**WHAT IS EXPECTED**
Check each line of the records for "cèdre"; collect those that have it.

**DATA SUPPLIED**
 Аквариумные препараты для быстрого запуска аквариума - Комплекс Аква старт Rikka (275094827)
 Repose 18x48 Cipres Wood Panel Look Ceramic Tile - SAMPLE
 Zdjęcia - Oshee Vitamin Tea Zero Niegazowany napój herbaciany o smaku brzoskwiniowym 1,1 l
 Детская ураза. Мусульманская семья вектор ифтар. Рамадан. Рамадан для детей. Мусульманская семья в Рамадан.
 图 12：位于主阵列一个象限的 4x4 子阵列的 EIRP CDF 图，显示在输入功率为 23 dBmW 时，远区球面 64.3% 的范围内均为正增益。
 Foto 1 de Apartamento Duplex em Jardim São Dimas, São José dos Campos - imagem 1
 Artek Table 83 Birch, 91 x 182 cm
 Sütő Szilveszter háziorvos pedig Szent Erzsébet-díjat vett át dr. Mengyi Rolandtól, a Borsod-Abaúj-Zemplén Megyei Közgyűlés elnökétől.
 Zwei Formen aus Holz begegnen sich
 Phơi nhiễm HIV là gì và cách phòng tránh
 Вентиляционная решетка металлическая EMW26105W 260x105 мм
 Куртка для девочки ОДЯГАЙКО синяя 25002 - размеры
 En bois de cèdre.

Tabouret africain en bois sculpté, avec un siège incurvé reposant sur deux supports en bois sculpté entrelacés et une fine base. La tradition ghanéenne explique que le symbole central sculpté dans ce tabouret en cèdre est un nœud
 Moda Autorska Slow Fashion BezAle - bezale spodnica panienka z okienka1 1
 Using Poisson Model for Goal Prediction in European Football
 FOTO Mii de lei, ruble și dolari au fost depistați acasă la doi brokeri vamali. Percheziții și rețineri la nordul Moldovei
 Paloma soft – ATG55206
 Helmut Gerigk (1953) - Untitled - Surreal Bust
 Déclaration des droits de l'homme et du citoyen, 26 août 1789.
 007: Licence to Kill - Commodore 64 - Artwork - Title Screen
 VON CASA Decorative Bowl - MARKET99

**THE COMPLETED TASK**
 En bois de cèdre.
Tabouret africain en bois sculpté, avec un siège incurvé reposant sur deux supports en bois sculpté entrelacés et une fine base. La tradition ghanéenne explique que le symbole central sculpté dans ce tabouret en cèdre est un nœud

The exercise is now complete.